Relationship With the Father
All that has thus gone before in 1 John 1 is brought to bear upon our souls in 1 John 2, that we might not sin. But he immediately adds, “If any man sin, we have an advocate with the Father, Jesus Christ the righteous: and He is the propitiation for our sins.” Even when the sin of one of His own is in question, the love of the Lord Jesus does not fail. He does not leave us to ourselves, but takes up our case and acts for us, according to our necessity. This is the force of the word “advocate.” It is the same word in the original as “comforter” applied to the Holy Spirit in John’s Gospel. It is one who acts for us in all our circumstances, wherever we have need of Him. Note also that He is an “advocate with the Father.” The sin of the believer has not changed the relationship in which he stands with the Father. We can never be disowned as such. This makes sin a far more heinous thing — being committed against all the light and relationship and love into which we have been introduced.
According to Hebrews 10, there is no more conscience of sins for those who have believed God’s testimony to the perfection of the finished work of His Son. That is, the conscience never again connects sin with judgment to come, but rather with a judgment that has taken place in the death of Christ and is forever past. The conscience rests where God rests, and He remembers our sins and iniquities no more.
Communion Broken
But Satan might seek occasion to tempt the fallen one to think he could never call God his Father again. In this very connection John presents the Advocate with the Father, that we might know the relationship to be immutable. And besides, it is “Jesus Christ the righteous.” He is there in all His own personal perfection, and “the propitiation for our sins,” in all the abiding efficacy of His work. No charge can stand against those whom God has justified. Rather, sin has interrupted our communion, and the blessed service of the Lord as advocate is to restore that communion. Nor is it that we have to go to Christ to intervene for us. “If any man sin, we have an advocate.” He acts from Himself to bring about in us all that is needed for restoration. His object is to bring us to detect and judge in ourselves that wherein we have failed — to confess our sins, that we may know a Father’s forgiveness and be restored to the joy of communion with Him.

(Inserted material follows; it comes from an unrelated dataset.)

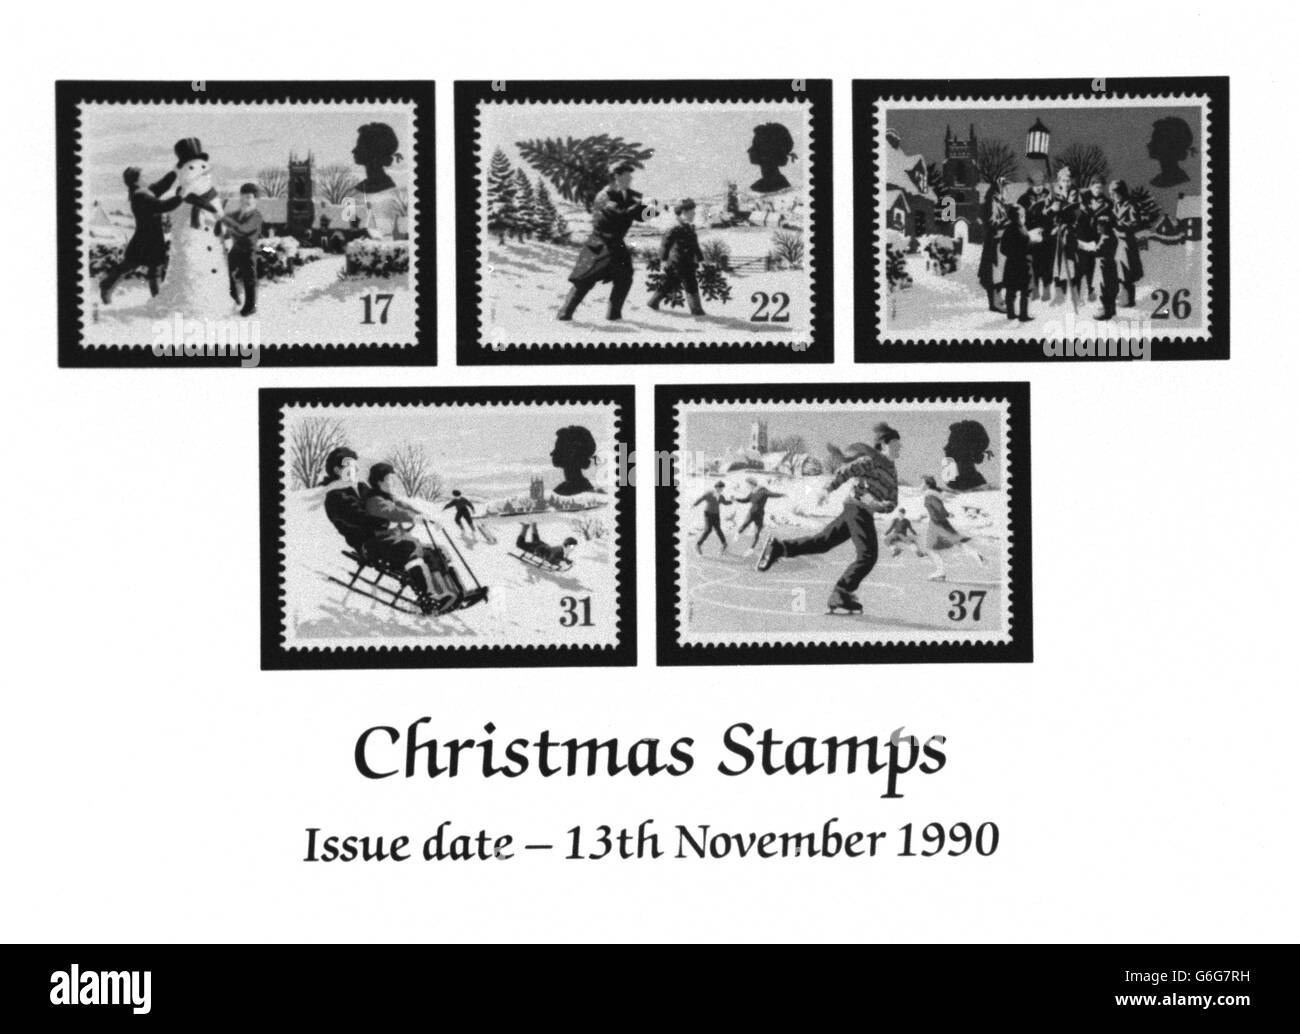 Royal Mail - Bureau de poste timbres de Noël Banque D'Images

The Washing of Peter’s Feet
This precious service of the Lord for us is illustrated by His ways with Peter in the Gospel of John. John 13:1-11 gives us the principle of it in the symbolic washing of the disciples’ feet. There was clearly something far deeper in it than the mere lesson of humility. The first verse shows us the new position that the Lord was taking, and this gives its character to all the subsequent communications. “Jesus knew that His hour was come that He should depart out of this world unto the Father.” We have to go through the world out of which He had to depart, but He would not forget us in all our need, for “having loved His own which were in the world, He loved them unto the end.” In His unfailing love was found the spring of His action that follows, and Peter was allowed to hear of a love beyond all our thought, the very night he was to deny that he ever knew Him. He into whose hands the Father has given all things undertakes the cause of those who are beset with danger in such a world as this and are so liable to fail.
Peter resents the humiliation of the Lord in stooping to wash his feet, till he learns that it is essential to his having part with Jesus where He was going. And thus we learn that while His wonderful service for us includes recovery from sin and the soul’s restoration, yet it goes much further in love. He cannot bear a cloud between us and Him, and He provides for the removal of whatever would intercept the light and joy of His presence. Peter thought he could not have too much of such washing: “Lord, not my feet only, but also my hands and my head” (John 13:9).
The Water of the Word
This leads the Lord to distinguish between two applications of the water. In type, water, in Scripture, represents the Word of God applied in the power of the Spirit. The first is that by which we are born wholly anew and made partakers of a new life and nature. This application can never be repeated. The second is what the washing of the feet implies — namely, the constant application of the Word to preserve or deliver us from what would hinder blessed nearness to Him. Nor are we left to apply it to ourselves: “If I wash thee not, thou hast no part with Me.”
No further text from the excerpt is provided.